Key reuse for two ciphers can negate all security and even lead to leaking the MAC key, something that is less likely an issue for a cipher + HMAC.

  • 1
    $\begingroup$ also for disadvantages, GCM has substantially lower message count, message size, and total data processed limits compared to something like HMAC-SHA512 $\endgroup$ Commented Mar 4, 2020 at 1:39
  • $\begingroup$ Good point, amended. $\endgroup$
    – Maarten Bodewes
    Commented Mar 4, 2020 at 1:42
  • $\begingroup$ Is GMAC really faster than HMAC? I've actually observed the opposite to be true for must of my use-cases. Of course GMAC could be sped up a lot as it supports parallel processing but considering that you have one hardware accelerator for SHA256 for example and one accelerator for raw AES-ECB, HMAC would outperform GMAC by multiple factors. $\endgroup$ Commented Mar 4, 2020 at 10:12
  • $\begingroup$ There are special instructions for GCM as well, and it is definitely a less complex operation. These kind of comparisons are sometimes counter intuitive. ECC in Bouncy Castle was slower than RSA, then they reimplemented and now it is faster than the ECC provided in the Java runtime - and that is using native speedups. So yes, in principle faster, but mileage may vary (and only the latest processors have SHA-256 acceleration)l. $\endgroup$
    – Maarten Bodewes
    Commented Mar 4, 2020 at 11:07

If used correctly, and solely for the purpose of authenticity, then AES-GCM or any other AEAD with an empty plaintext is just as good as HMAC (or KMAC, a MAC construction based on the same primitive as SHA-3). But these are pretty big assumptions! HMAC and KMAC are a lot more robust than AES-GCM.

AEAD requires a nonce for the encryption. If the same nonce is used twice with the same key, this impacts confidentiality with any AEAD algorithm: at the very least, it reveals whether the messages are identical. But for many popular AEAD algorithms, nonce reuse also impacts authenticity. In particular, with GCM, nonce reuse is catastrophic: if you use the same key and the same nonce with two different messages, this allows a wide range of forgeries. HMAC and KMAC don't have this problem: it doesn't rely on a nonce at all.

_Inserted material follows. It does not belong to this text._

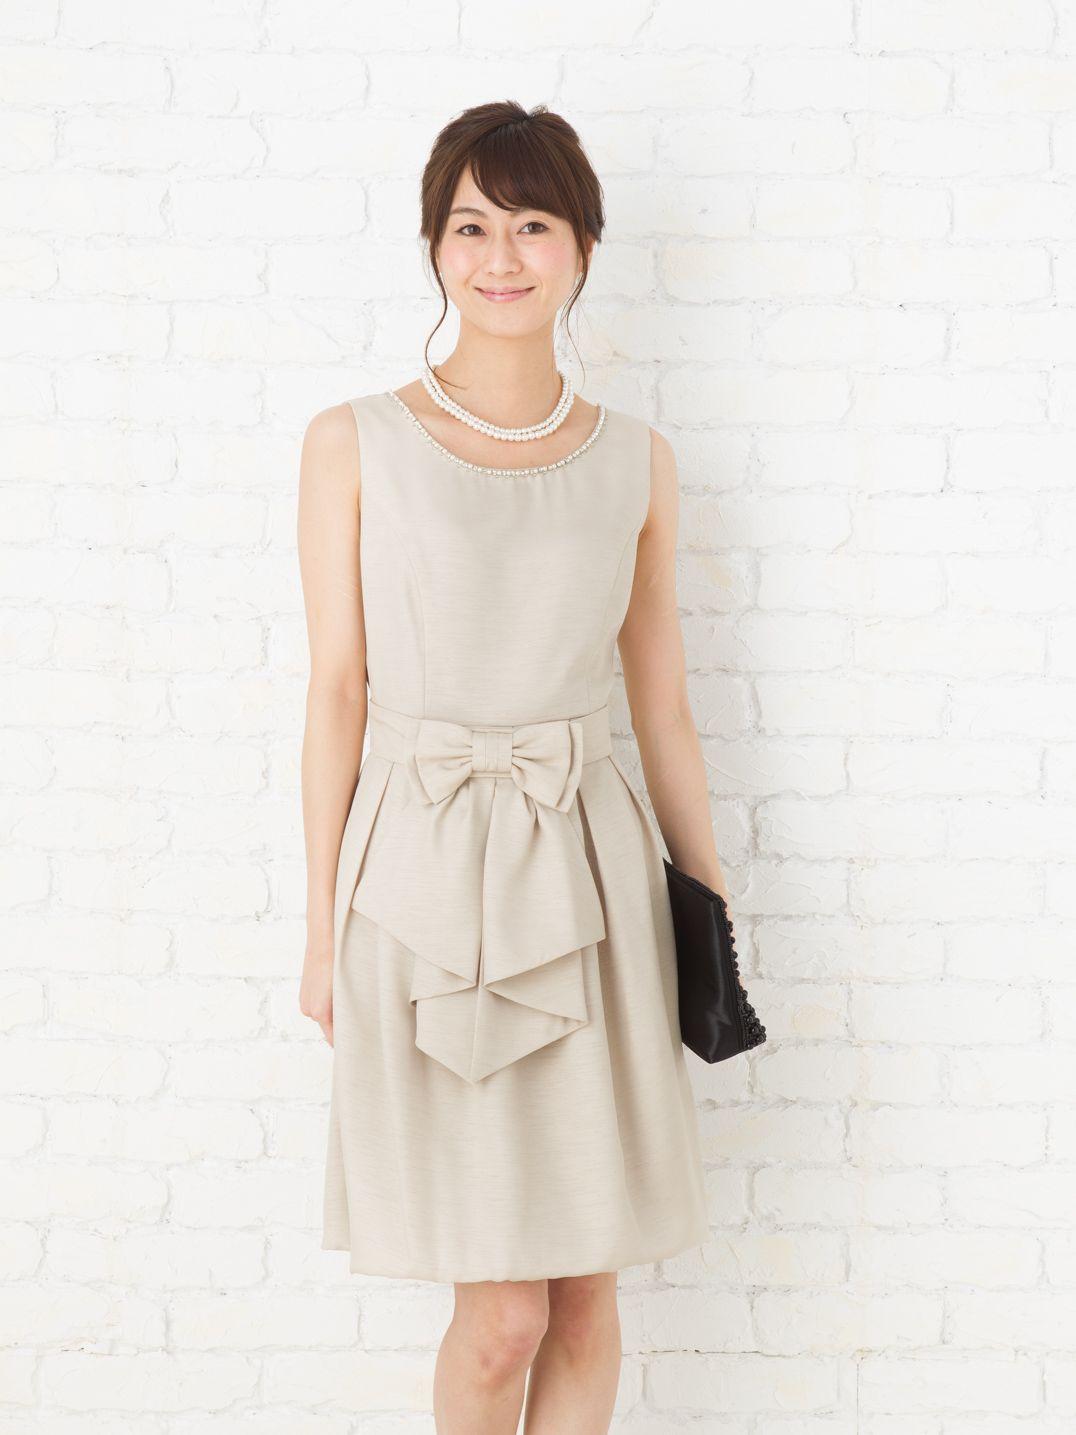 RYK ドレス / Mサイズ (DOC0052)

AES-GCM-SIV remedies this weakness: reusing a nonce doesn't impact confidentiality. However, this comes at the cost of making two passes over the message, which more or less defeats the performance benefit of AES-GCM over HMAC.

AES is naturally vulnerable to side channel attacks when implemented in software. In particular, it's vulnerable to timing attacks from processes running on the same machine when implemented in the naive way; it's possible to protect against this, but at a significant performance cost. HMAC and KMAC, in contrast, are naturally resistant to timing attacks. And it's no more sensitive than AES to other side channels such as power.

AES-GCM (with an empty plaintext) only guarantees authenticity: someone who doesn't have the secret key can't forge an authentic message. HMAC and KMAC have a stronger property which is sometimes desirable: even with the secret key, they're also a keyed hash, meaning that it's infeasible to create two distinct messages that have the same HMAC (or KMAC) with the same key, and it's infeasible to find a message knowing its HMAC (or KMAC) and the key other than by guessing. Both are easy with GCM or CCM.